# What you need to do
Return the line containing "Very Good Pre-Owned Condition." and every line after it through the end of the entries below, with no other lines.

---- Material shown

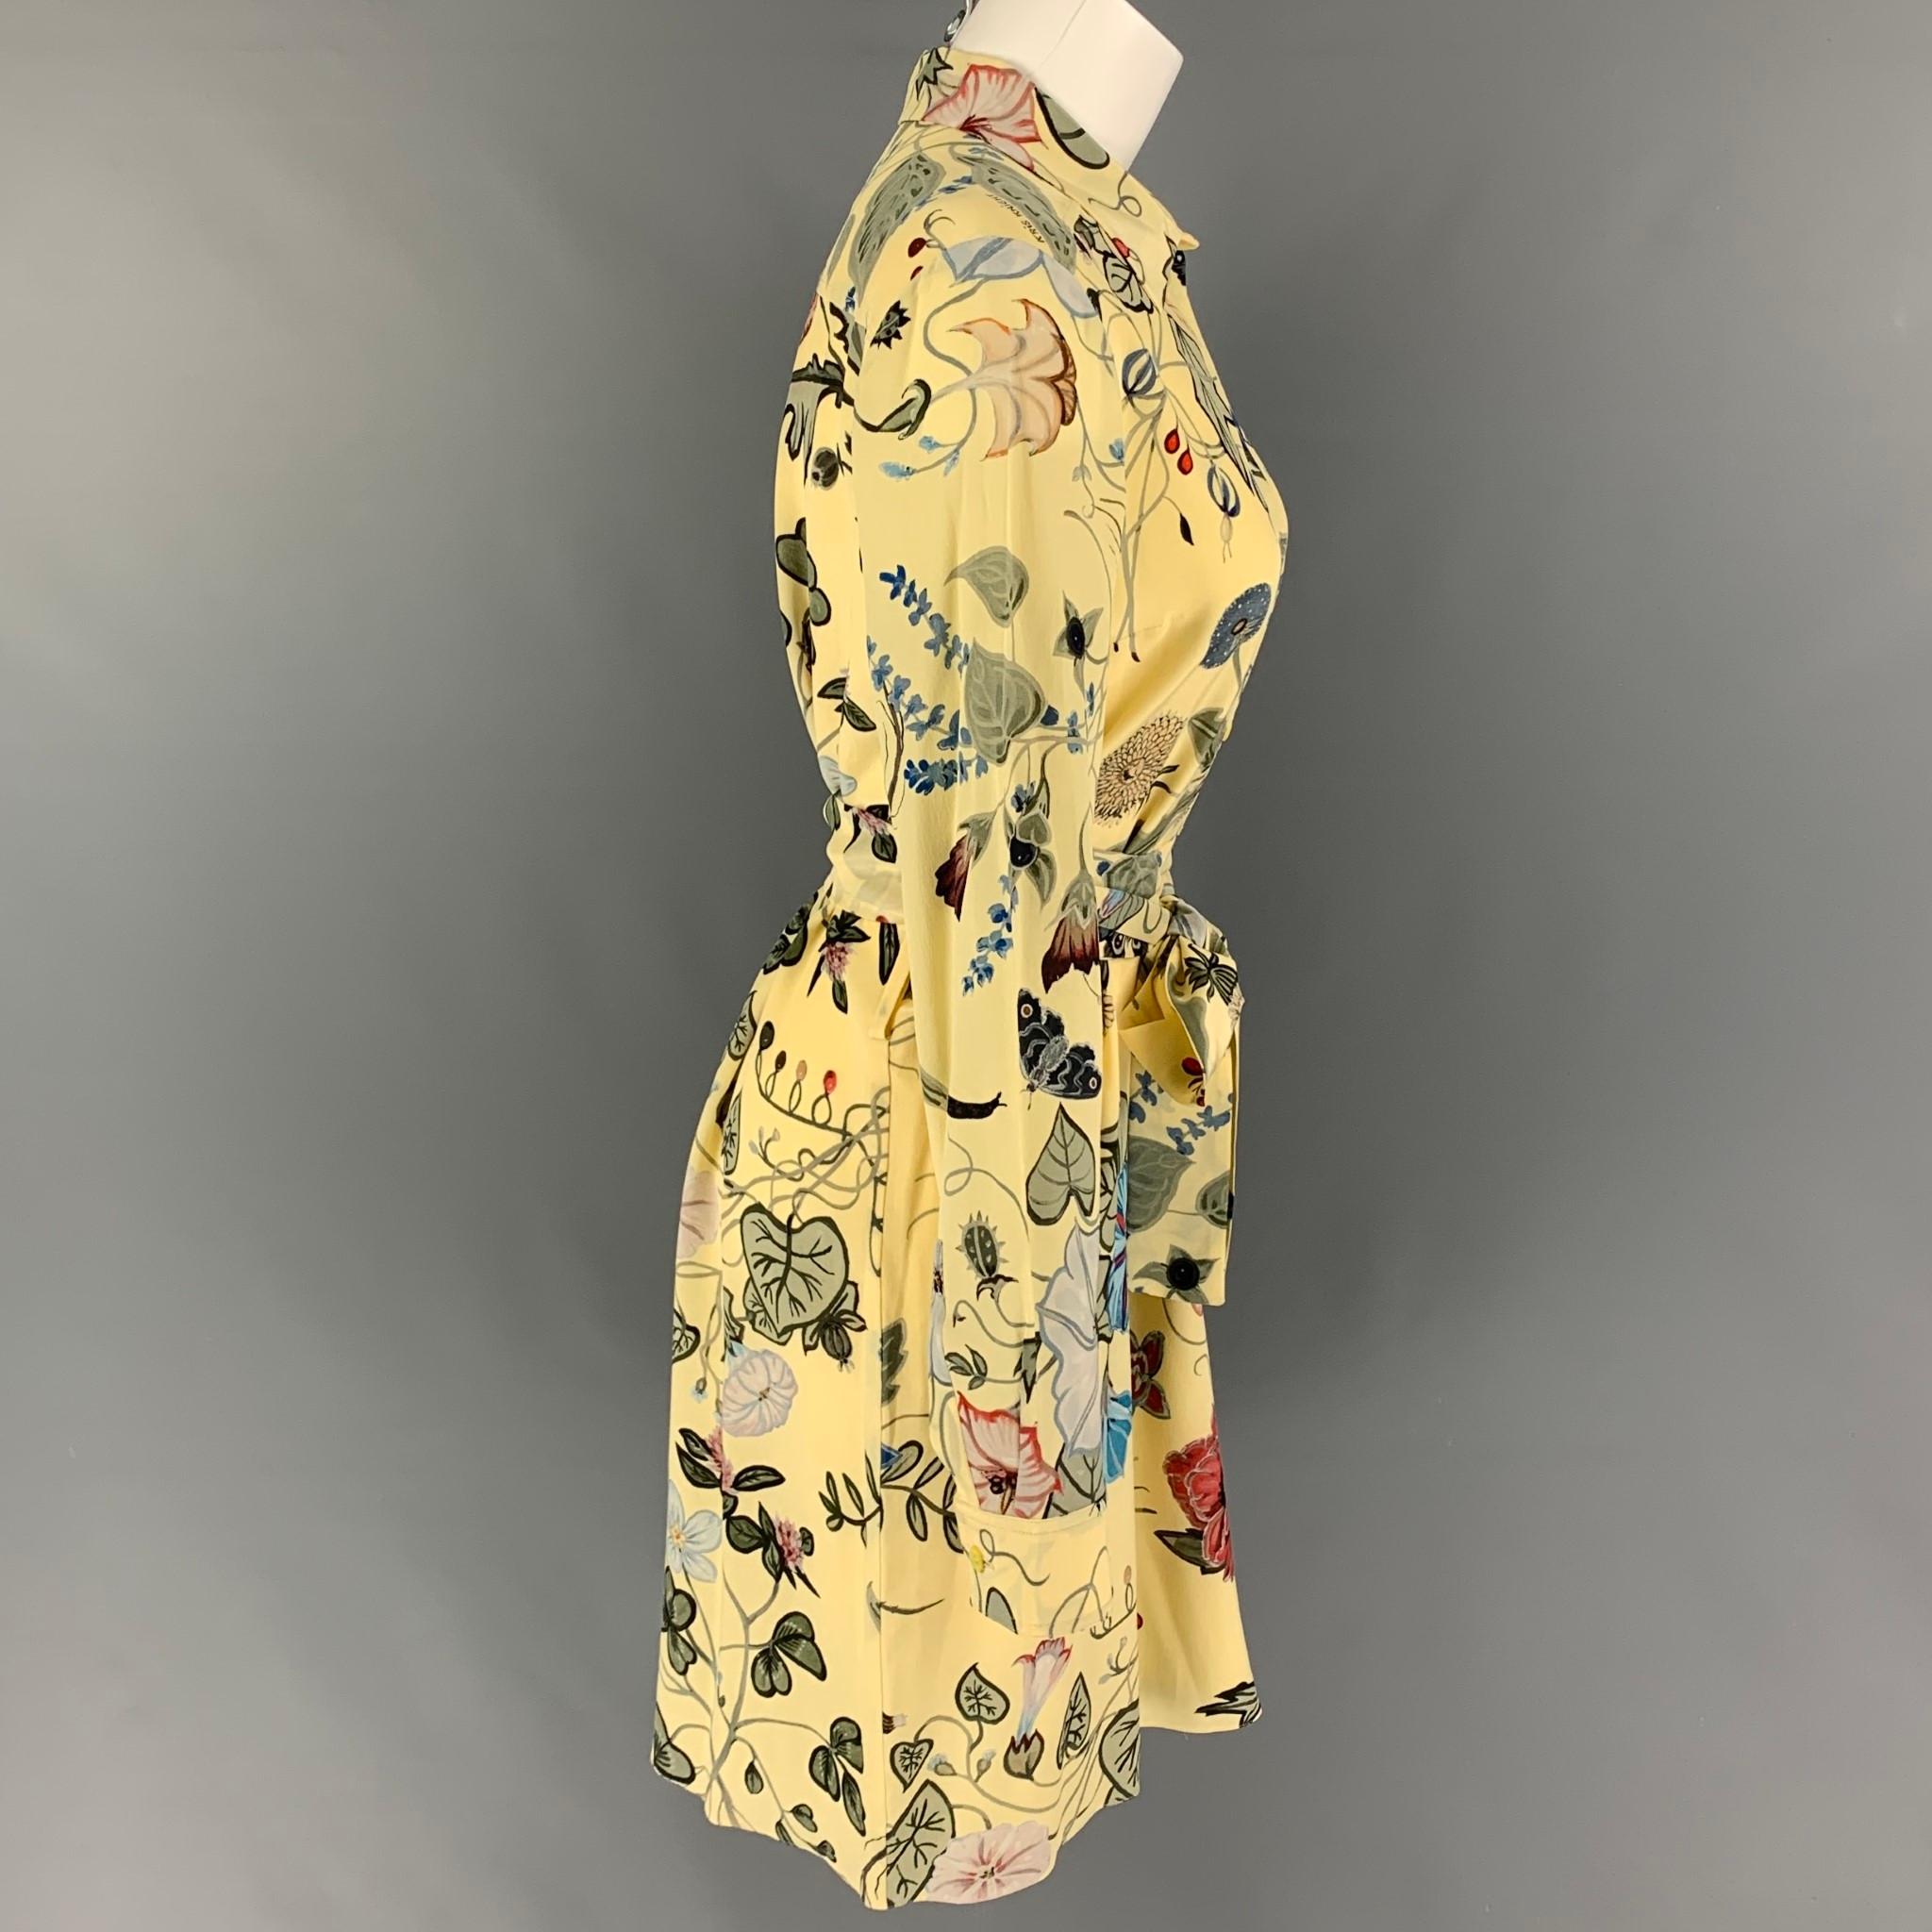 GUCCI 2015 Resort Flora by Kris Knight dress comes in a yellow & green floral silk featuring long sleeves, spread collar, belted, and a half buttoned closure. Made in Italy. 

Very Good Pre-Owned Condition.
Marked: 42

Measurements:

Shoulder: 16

--------

# Task solution
Very Good Pre-Owned Condition.
Marked: 42

Measurements:

Shoulder: 16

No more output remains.